TAPAKTUAN (MA) — Tindakan premanisme yang terjadi saat acara Diaspora Forum Tanah Air (FTA) di Hotel Grand Kemang, Jakarta Selatan, pada Sabtu (28/9), mendapat kecaman dari berbagai pihak. Kepolisian Republik Indonesia untuk segera mengusut dan memproses secara hukum insiden memalukan tersebut.
Sebagaimana, informasi beredar luas di Tanah Air baik melalui media online dan kanal YouTube, aksi premanisme sekelompok orang yang disinyalir massa bayaran, bermaksud membubarkan acara ilmiah FTA. Di forum akademik ini hadir tokoh-tokoh nasional yang selama ini kritis terhadap kebijakan Presiden RI Joko Widodo.
Sebut saja, Din Syamsuddin, Refli Harum, Said Didu dan lain-lain.

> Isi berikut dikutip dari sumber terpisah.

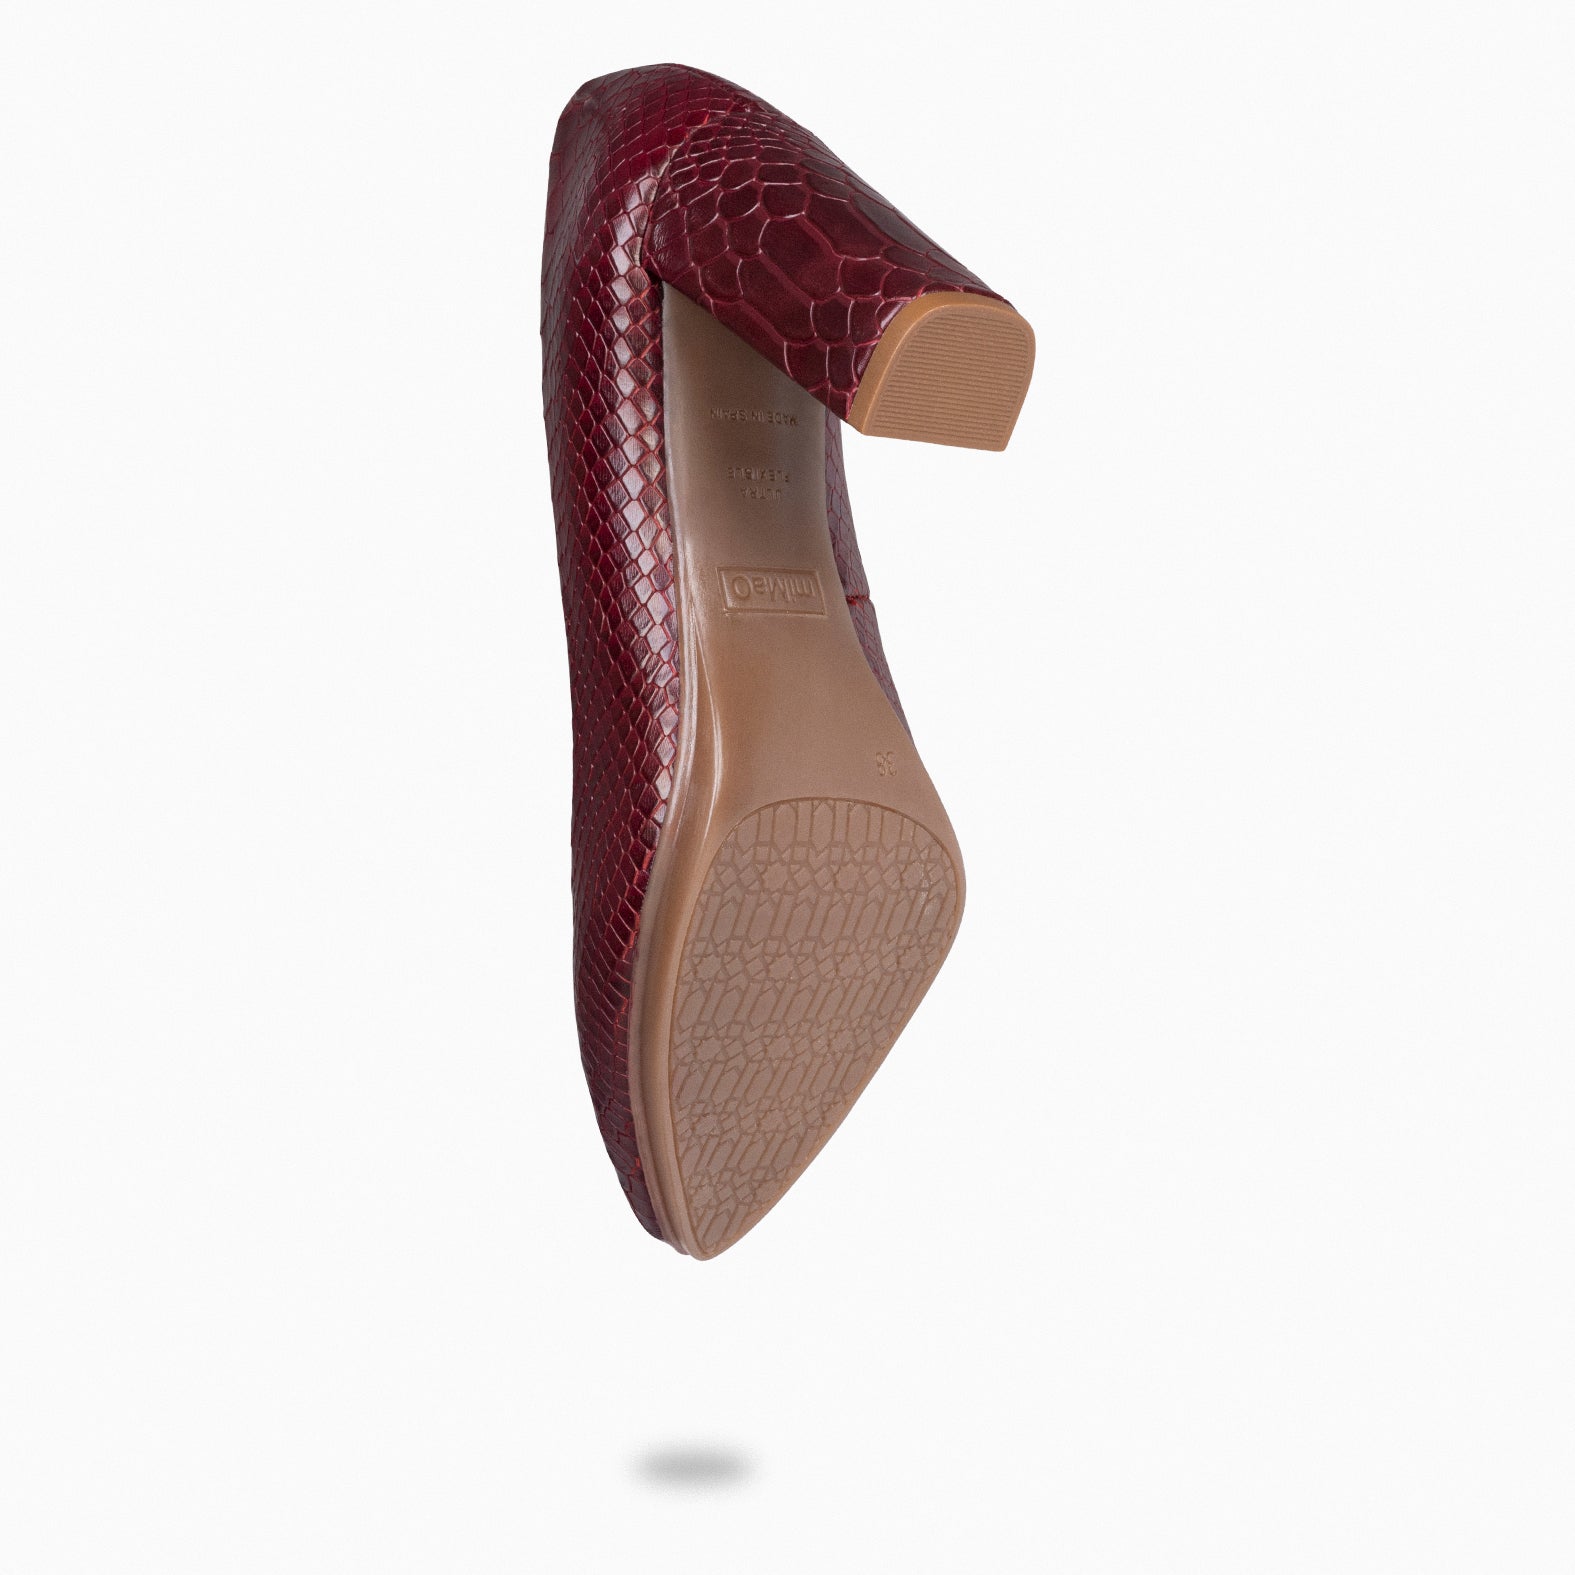 URBAN SAUVAGE - Zapatos de salón con textura de serpiente BURDEOS

Tindakan premanisme itu, terjadi di hadapan beberapa anggota kepolisian RI.
Kecaman dan desakan agar pihak kepolisian mengusut tuntas aksi preman itu dari IPW dan kelompok masyarakat cinta demokrasi.
“Tanpa harus menunggu laporan dari masyarakat atau penyelenggara karena di lokasi kejadian ada aparat kepolisian,” kata Ketua Indonesia Police Watch (IPW) Sugeng Teguh Santoso.
Menurutnya, anggota polisi yang berada di lokasi tersebut, bisa langsung membuat laporan polisi. Tanpa harus ada pihak yang mengadu.
Sugeng berharap, jangan sampai, kalau peristiwa itu tidak diproses secara hukum, maka publik beranggapan polisi terkesan melakukan pembiaran terhadap tindakan pidana dilakukan sekelompok preman, berujung pada penilaian buruk terhadap institusi Polri.